» **To do**
From the entries that follow, reproduce exactly and only the lines from the line with "Celestron CPC Deluxe" to the line with "Britney Spears And", endpoints included.

-- Information supplied follows --

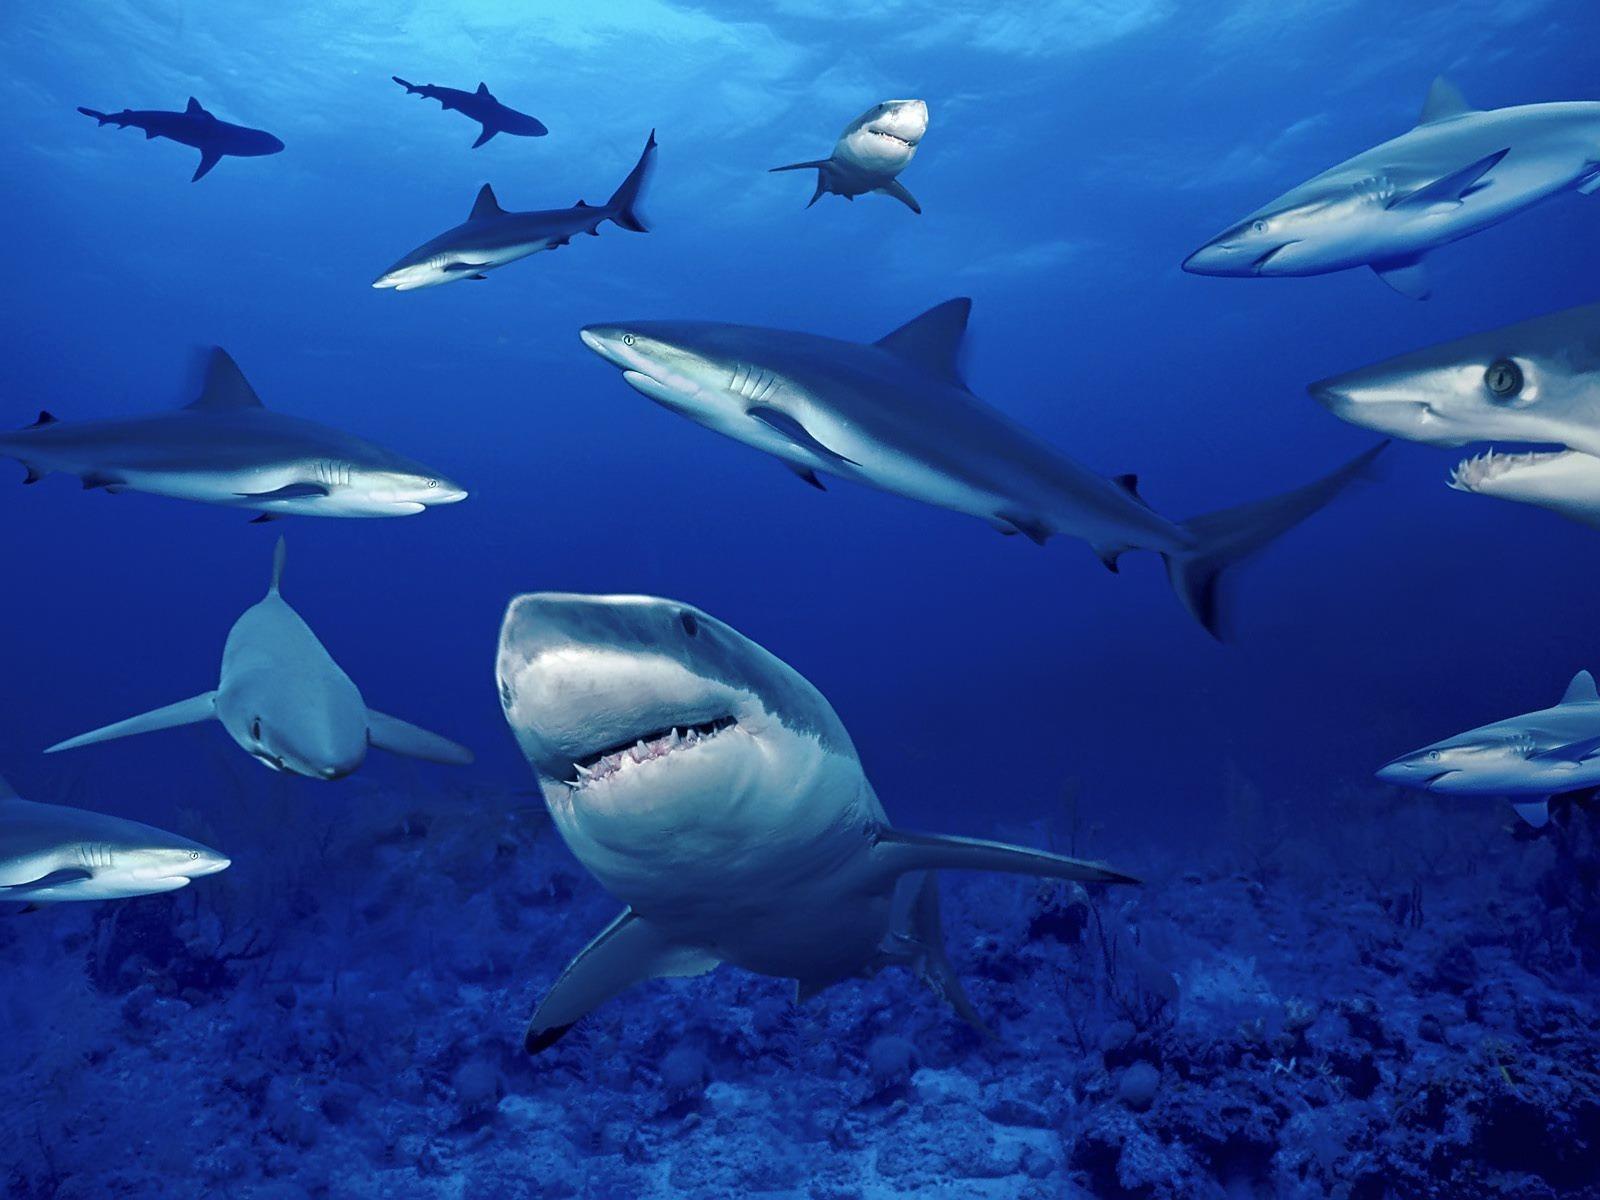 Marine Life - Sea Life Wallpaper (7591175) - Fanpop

-- Information supplied concluded --
-- Information supplied follows --

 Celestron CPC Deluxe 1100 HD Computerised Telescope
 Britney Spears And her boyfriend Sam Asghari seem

-- Information supplied concluded --

» **Written solution**
 Celestron CPC Deluxe 1100 HD Computerised Telescope
 Britney Spears And her boyfriend Sam Asghari seem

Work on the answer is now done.